Caravaggio's Death of the Virgin, 1605-1606, Santa Maria della Scala, Rome
Prostitution in the Christianity has never been an accepted practice despite the sins of the flesh committed by their prominent religious figures. The extremely critical stance that the Catholic church had on carnal sins showed how, at the time, it did not readily accept all peoples despite their Christ's teachings. Ironically, Mary Magdalena, a Christian saint and often misidentified prostitute turned believer, was regarded as second to Mary, mother of Jesus: "She created the symbolic duality of a sinful life in the physical sense, and on the other hand, a pure soul in the spiritual sense." During this time, the Church was regarded as corrupt and would give out indulgences promising salvation for payment to lay people. They spent the acquired money on lavish structures and personal wants.
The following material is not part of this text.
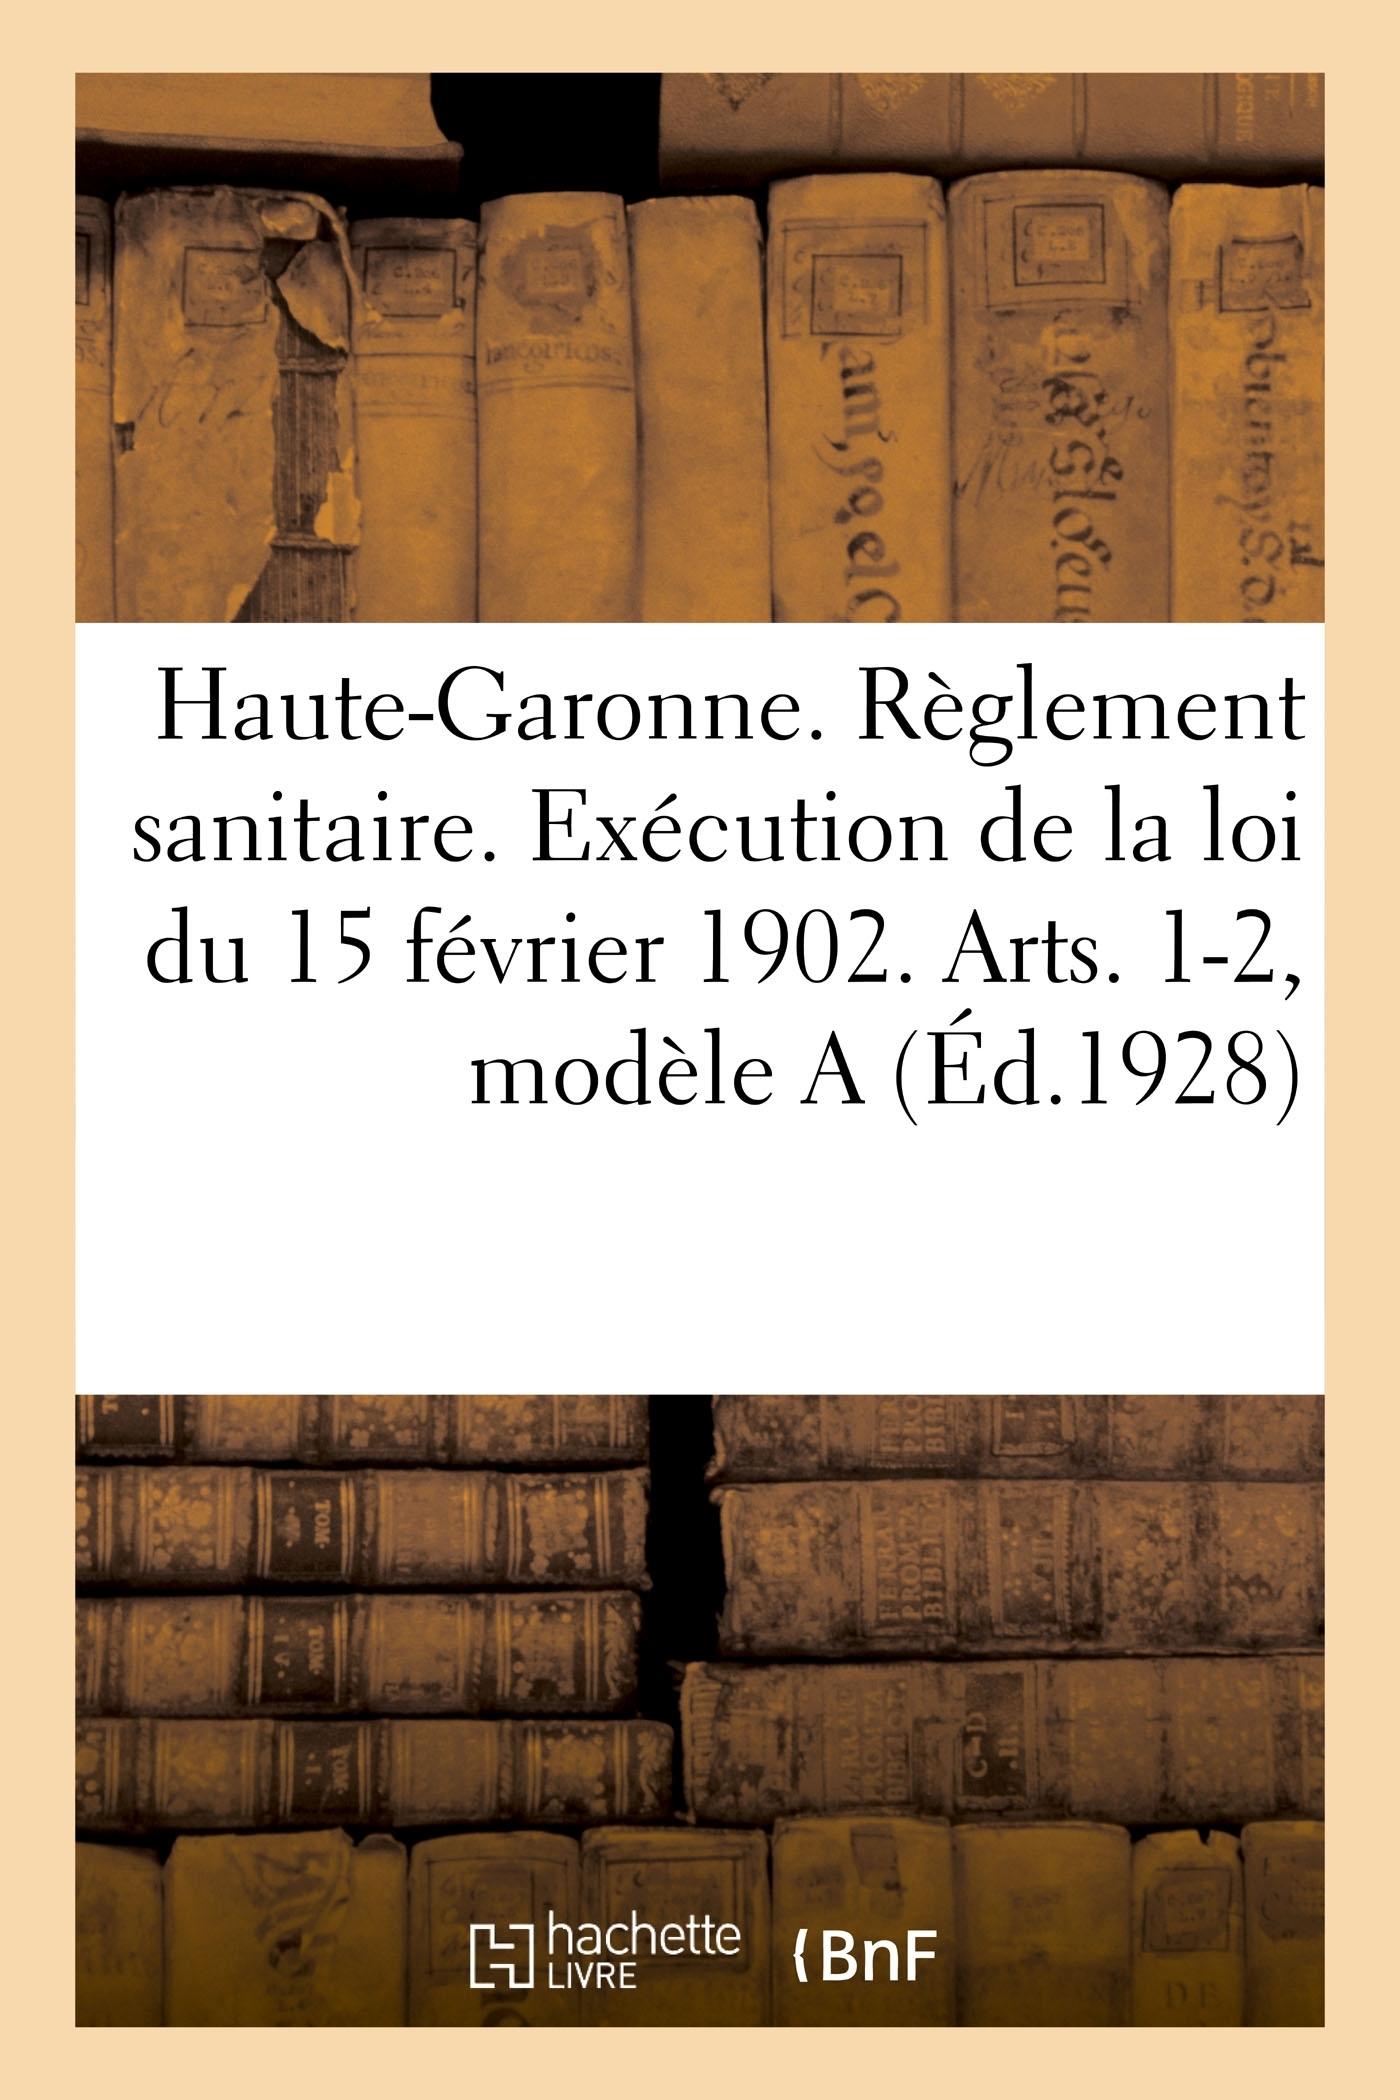 DEPARTEMENT DE LA HAUTE-GARONNE. REGLEMENT SANITAIRE. EXECUTION DE LA LOI DU 15 FEVRIER 1902 - ARTS.

This would change during the Protestant Reformation when Martin Luther starts to criticize the church for taking indulgences and states that everyone is able to reach God. Prostitution, despite the changes after the Council of Trent, would still be regarded as a negative influence in society: "the harlot's image became a symbol of modern society's illness".
Caravaggio's Saint Catherine of Alexandria, c. 1598, Thyssen-Bornemisza Collection, Madrid, Spain
Caravaggio confronted these negative stigmas by using prostitutes as models throughout his works depicting them as religious figures in history. Because they were well known, it is easy to imagine why such a portrayal would spark an outrage among the community. Consequently, some of Caravaggio's works with prostitutes as models were destroyed.
One of his most famous works Death of the Virgin shows Mary, mother of Jesus, dead and bloated. The painting was rejected by the patrons who commissioned it because it showed the Virgin subject to degrading earthly forces and she was modeled by a prostitute. This well-known prostitute's name was Fillide and she has been prominently featured in many of Caravaggio's works, many of which were destroyed.
Caravaggio's Portrait of a Courtesan (aka Portrait of Fillide), c. 1597, destroyed
One of his reasons for using lay people as models in prominent religious works is to show the human connection with the divine. His constant portrayal of Fillide in his works as the main figure is either to show his affections or to evoke a response from the public or both. It would not be surprising if Caravaggio was one of Fillide's patrons since she was always sought out by Rome's elite. Outside of using her as a model for his paintings, Caravaggio also killed Fillide's pimp, Ranuccio Tomassoni, in a attempt to castrate him.
Caravaggio's Martha and Mary Magdalene, c. 1598, Detroit Institute of Art
Caravaggio's muse is depicted as Mary in Death of the Virgin, Flora in Portrait of a Courtesan, Mary in Martha and Mary Magdalene, Judith in Judith beheading Holofernes, and perhaps many more that may have been destroyed. After 1599, Fillide does not appear in any more of Caravaggio's works. No one knows why and Caravaggio never addressed it.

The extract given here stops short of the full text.